One point to note.

Post #36,713

4/28/02 12:24:35 PM

One point to note.

If the firewall is poorly set up so that it just checks the IP address of an incoming packet to determine whether it's local or not, it can be "spoofed" by a computer on the external network claiming to be local. Class A, B, and C IP addresses are for use only with private networks. They should never be seen on the internet, so if your firewall receives a packet from a computer in one of these ranges, it's likely an attempt to hack it.
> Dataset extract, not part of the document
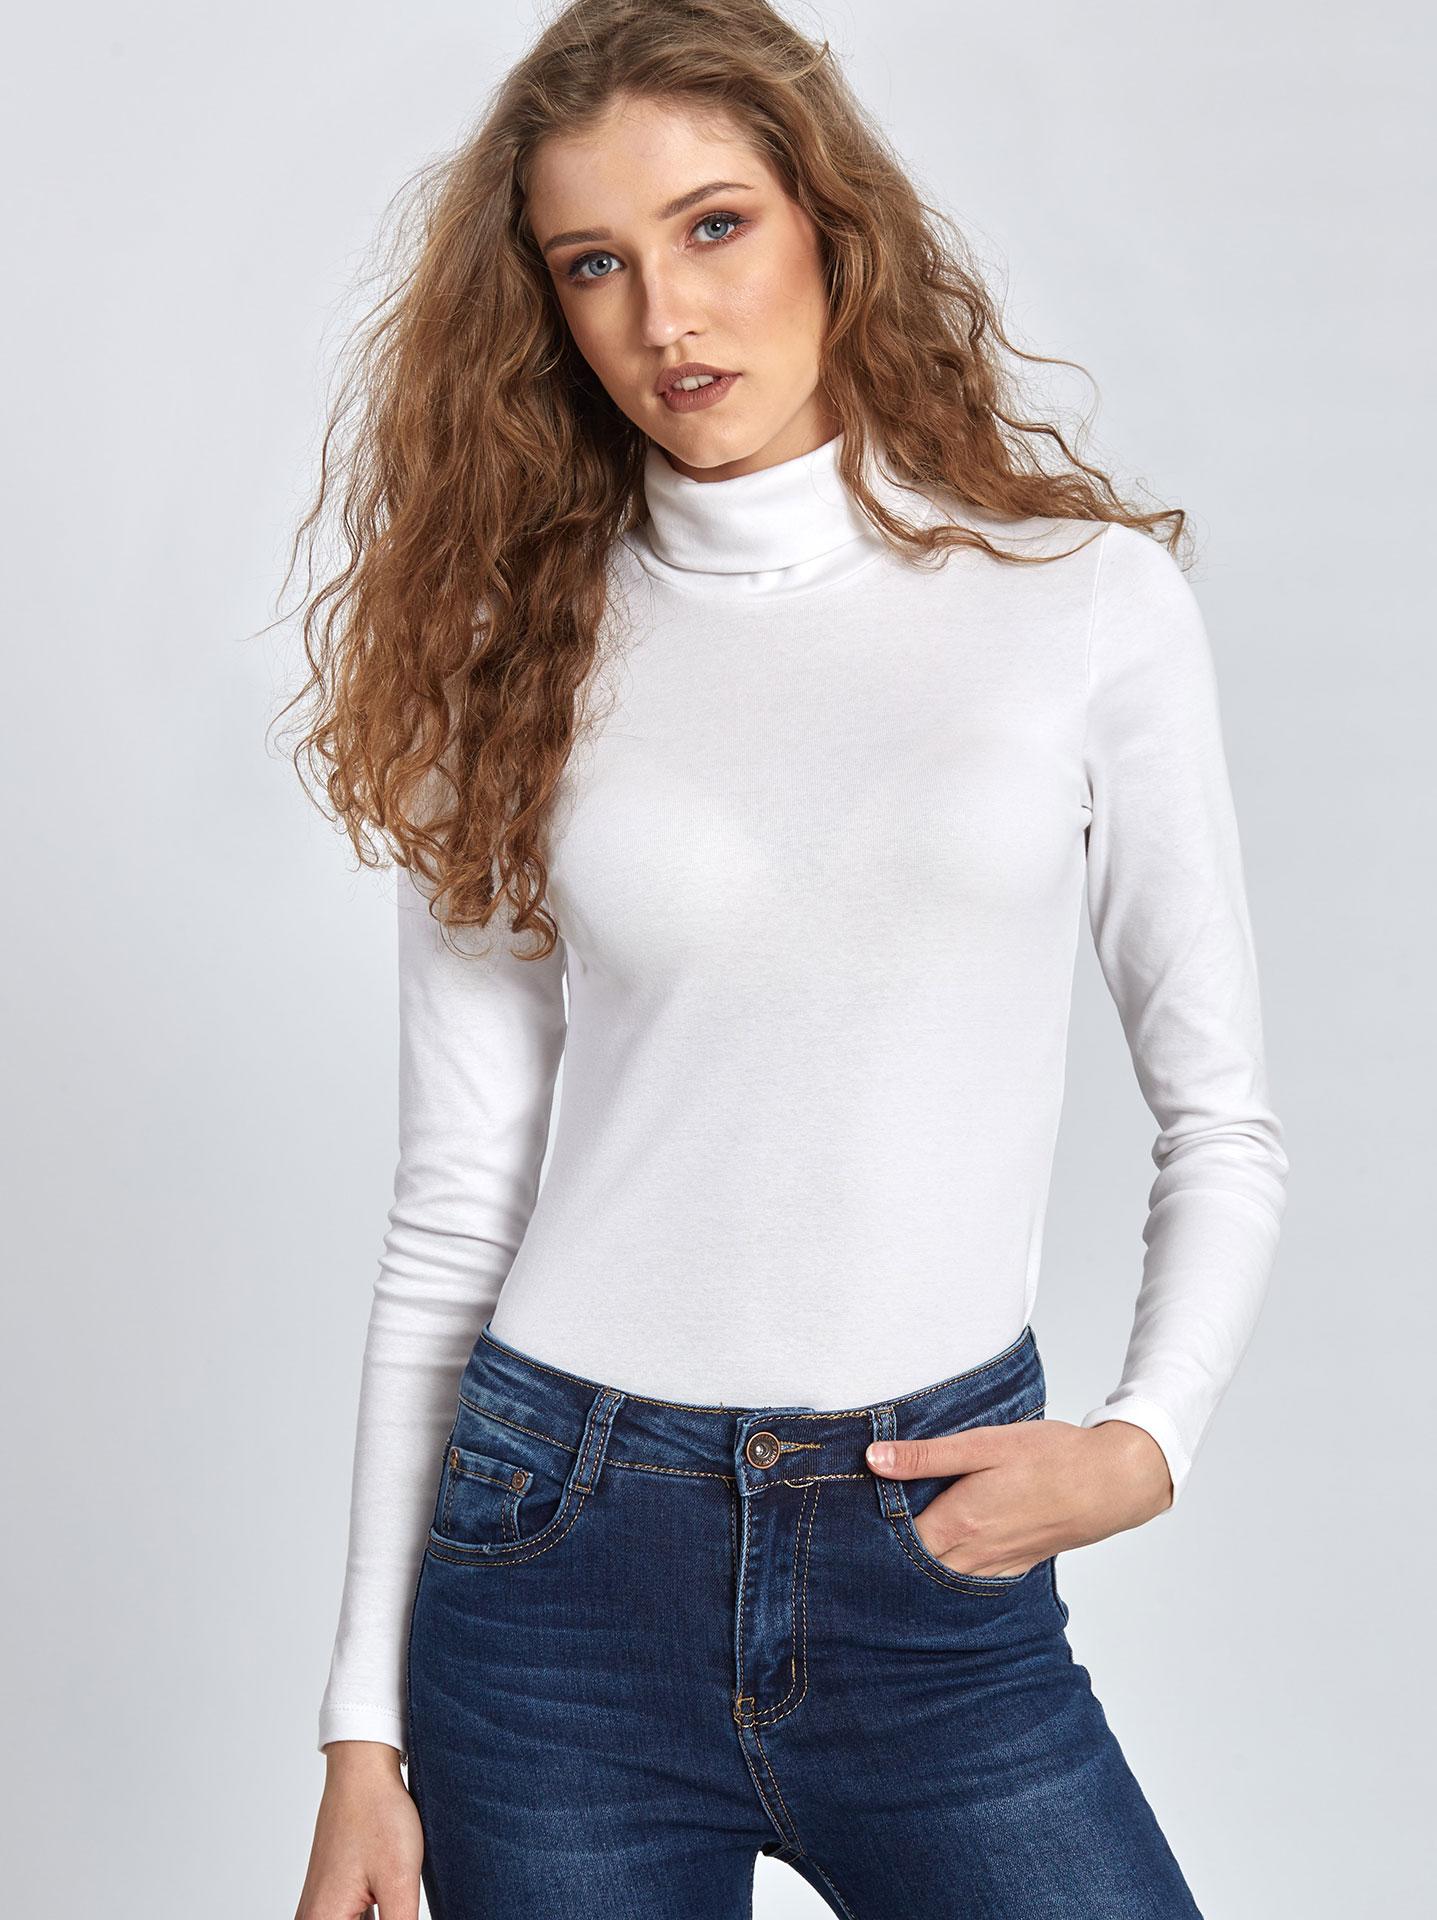 c4a9609fb32c Ζιβάγκο μπλούζα σε λευκο

This problem is easily defeated by configuring the firewall to ensure these IP addresses are only accepted on the local interface.

Other addresses to watch for are Class D Multicast IP addresses, Class E Reserved Addresses, and the Loopback address. These shouldn't be accepted either.

Note this is primarily a concern for connecting a private network to the internet. When connecting two friendly private networks you may not need to be this concerned.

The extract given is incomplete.